Rubber plants, or Ficus elastica, are durable plants that are easy to grow and maintain. One of the best things about them is that they can be trained and shaped to grow in several different ways. In this article, we’ll discuss the best way to prune and propagate a rubber plant.
What You'll Learn Today
Should I Prune My Rubber Plant?
Whether or not to prune your rubber plant largely depends on personal preference. There’s a reason why they can either be called a rubber plant or rubber tree. If you let it, rubber trees can grow up to ten feet tall indoors.

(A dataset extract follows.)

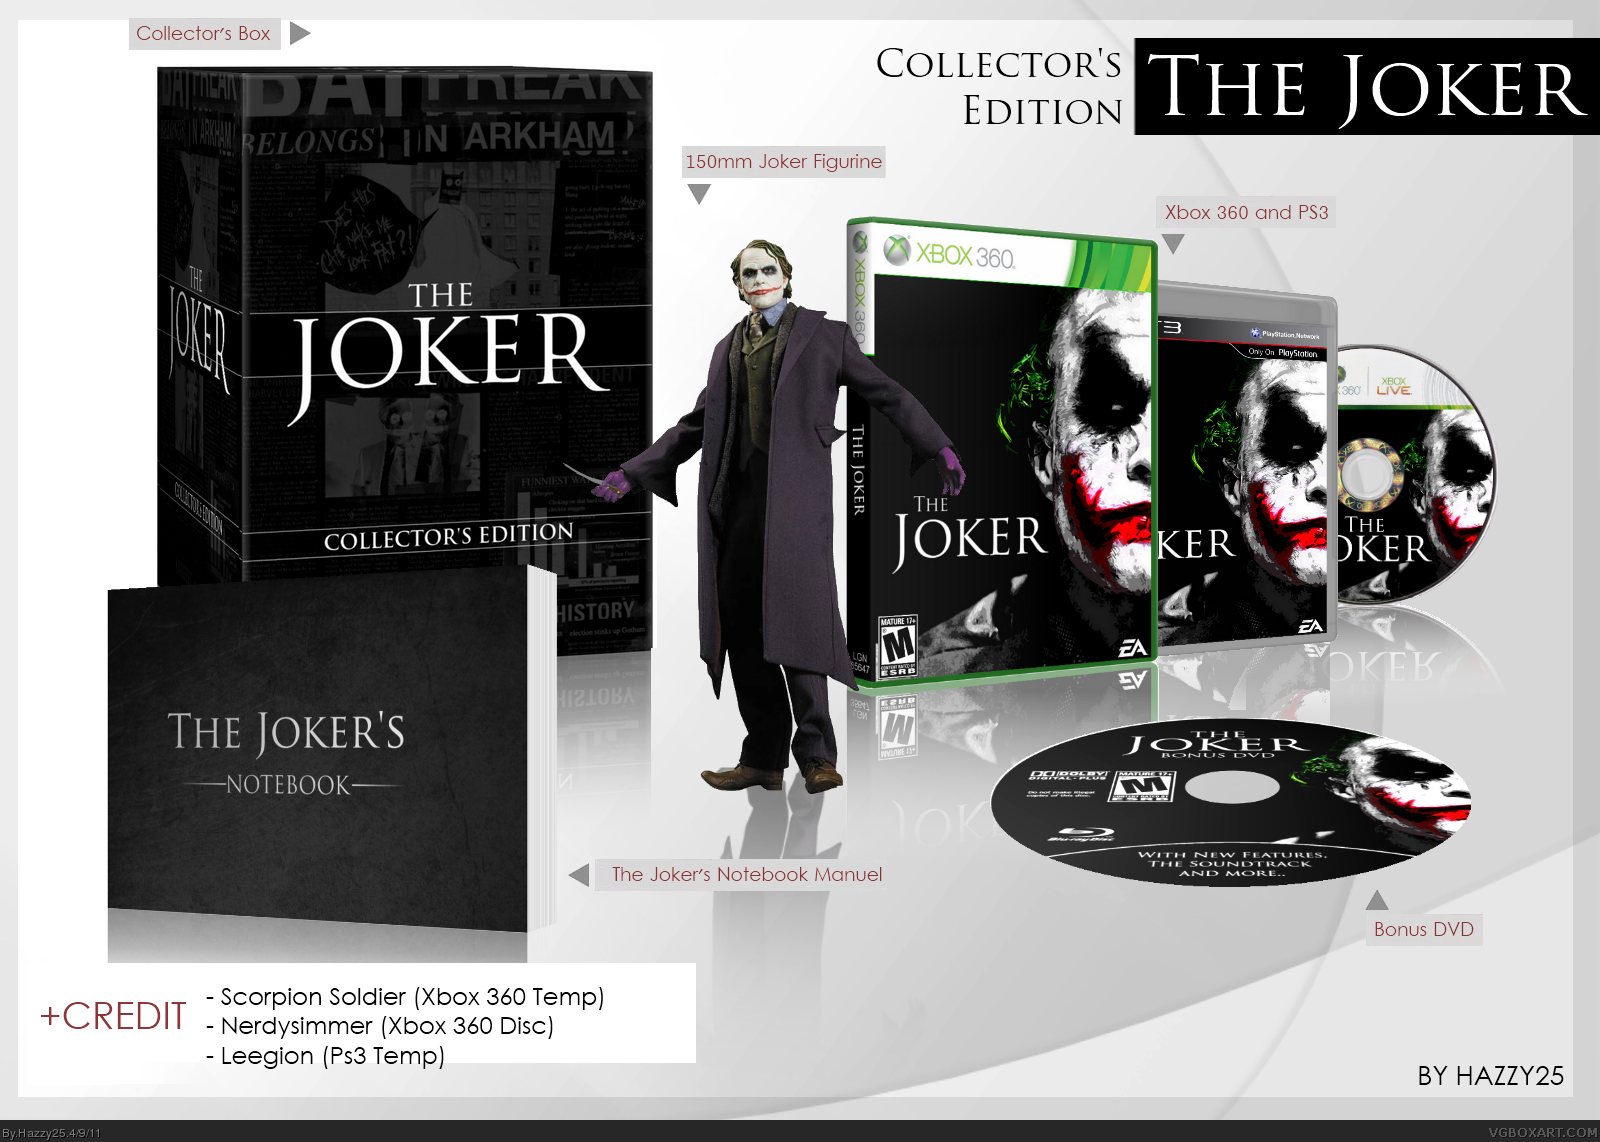 The Joker Collector's Edition box cover
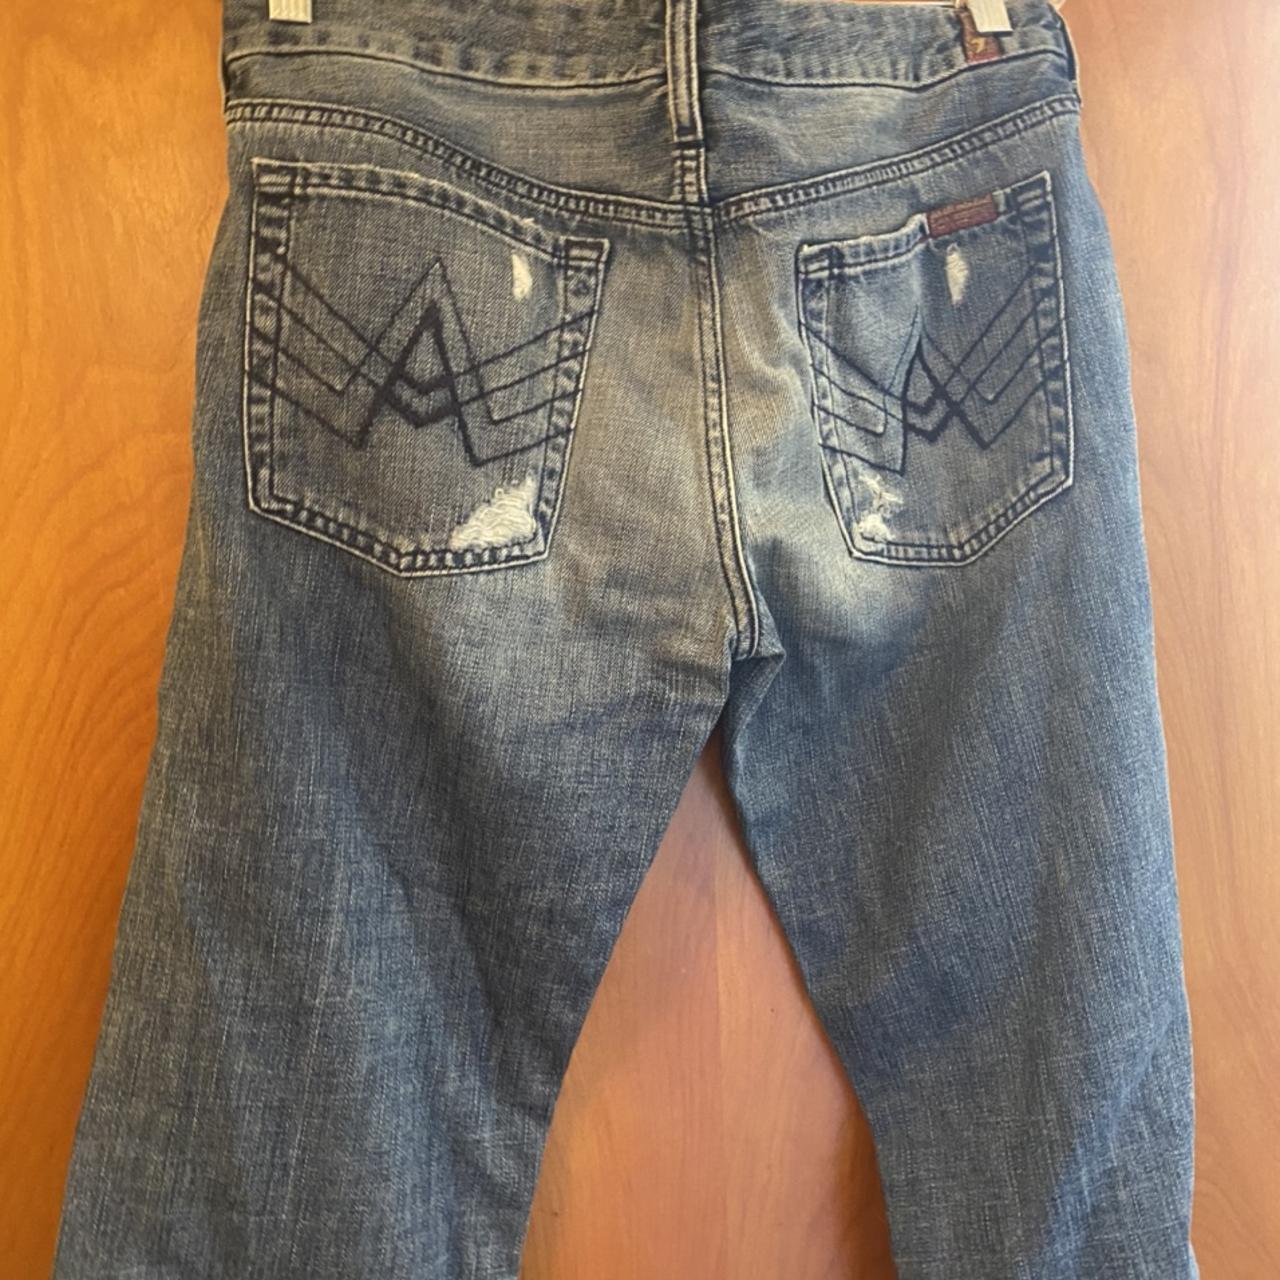 Product Image 3 - Distressed seven jeans with original

Many rubber plant owners prune them regularly to control their growth and maintain a clean look. This could mean different things, depending on whether you want your plant to grow tall like a tree, or more like a compact, bushy houseplant.
Regardless of whether you decide to shape your plant for aesthetic reasons, you should always remove dead or dying leaves and branches. This will allow the plant to focus all of its energy on newer, healthy growth.
When Should I Prune My Rubber Plant?
Rubber plants are easygoing and can handle pruning at any time during the year. But if you want the plant to put out new growth quickly after pruning, it’s best to wait until late spring or early summer.
May and June are when plant owners notice the quickest growth from their rubber plants. They can cope with heavy pruning without any signs of damage or stress, which makes it a great plant for newer gardeners to test their pruning skills on.
Dead and dying leaves or branches can and should be removed as soon as you notice them, regardless of the season.
How to Prune a Potted Rubber Plant?
Although pruning a rubber plant is a fairly easy thing to do, there are a few important things to keep in mind:
- Use clean pruning shears: Although you’ve probably heard this a million times, it bears repeating – disinfect your garden shears in between uses. Many plant diseases go unnoticed until after it’s been passed on to other plants with infected garden tools.
- Make sure your shears are sharp: Jagged, uneven cuts can readily invite infection and cause unsightly damage.
- Wear gloves: Rubber plants secrete a milky, sticky sap when pruned. This substance is toxic to both people and pets. Depending on how big your plant is, you may want to bring it outside or use a mat to prevent the sap from dripping on your floor.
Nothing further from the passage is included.